If you want to examine the clusters generated after implementing the bissecting K-Means algorithm, you can use the function report_clusters_hierarchical(ixs,label_lists,report_file). This function works similarly to the report_clusters function but expects the labels to be a list of lists as described above.

Guidelines for the implementation

When testing different parameters for your clustering algorithms, note that the silhouette and adjusted Rand scores can only be computed if you have at least 2 clusters. If all data is placed in the same cluster the program will raise an exception.

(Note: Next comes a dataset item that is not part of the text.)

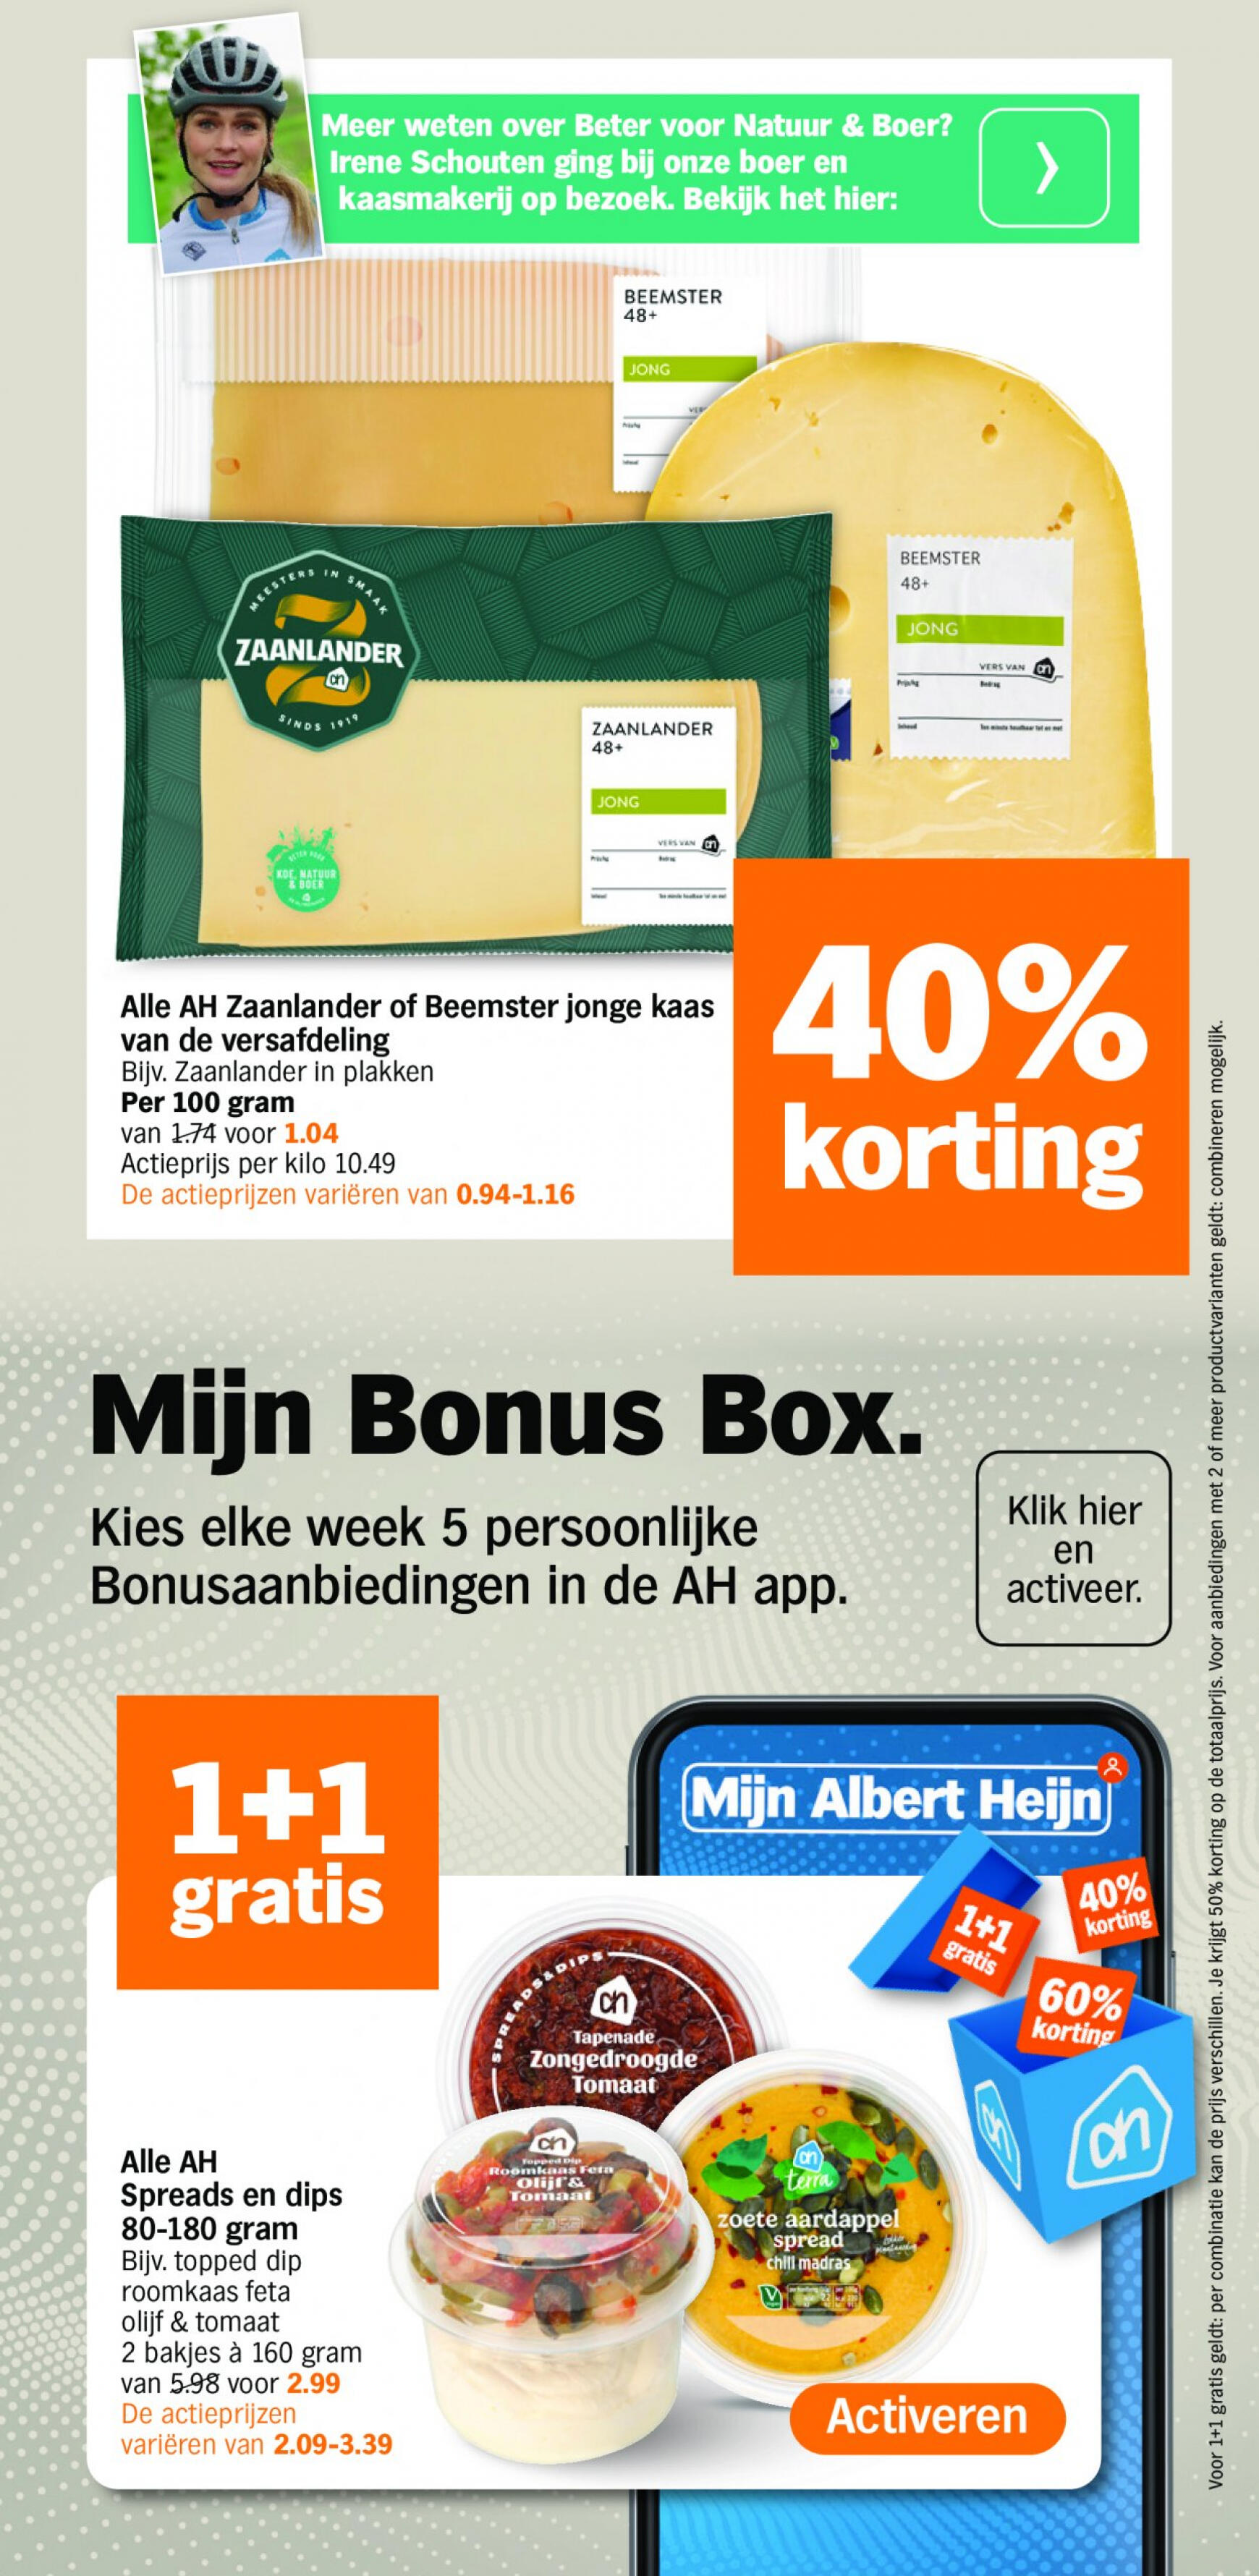 albert-heijn - Albert Heijn folder huidig 21.05. - 26.05. - page: 14

The method for selecting the ε parameter recommended by the authors of DBSCAN consists in plotting the sorted distance of each point to its fourth-nearest neighbour and setting ε to the distance corresponding to the “elbow” in the plot. You can compute this plot using the KNeighborsClassifier to fit your data and then obtaining the distances matrix to the k-nearest neighbour with the kneighbors method. This classifier requires an Y value for the classes, but you can use a vector filled with 0 or 1, since you will not be using the classifier as such, only its kneighbors method in order to obtain the distance to the fourth neighbour. Check Scikit-Learn documentation for more details.

Numpy arrays have a sort method for sorting in place. This sorts the array from smallest to largest values, but you can invert any array by simply slicing it this way: a = a[::-1].

The feature extraction steps in this assignment can take a few minutes. If you need to run your code many times for experiments it may be useful to save the extracted features to a file. A simple way of doing this is is to use the savez and load functions in Numpy

To view your clusters, you can use the function report_clusters(ids, labels, report_file) available in the tp2_aux.py module. This function saves an HTML file with the clusters indicated by the labels argument. This HTML file assumes there is a folder images/ with the images provided. The first argument is a list or 1D array with the identifiers for the images to show and the second argument is a list or 1D array with the cluster labels for the images, in the same order. The last argument is the name of the html file where the report will be saved. The file example_labels.html shows an example of a report (in this case created with the manual labels as clusters).

Read the questions carefully and give clear and concise answers. The main focus of this assignment should be the selection of the best features and a discussion of the advantages and disadvantages of each algorithm for this dataset, informed by an analysis of their behaviour with different parameters and the different scores used. For the DBSCAN algorithm, it is also important to discuss the adequacy of the method proposed by the authors for obtaining the value of ε in this particular case of clustering this cell images.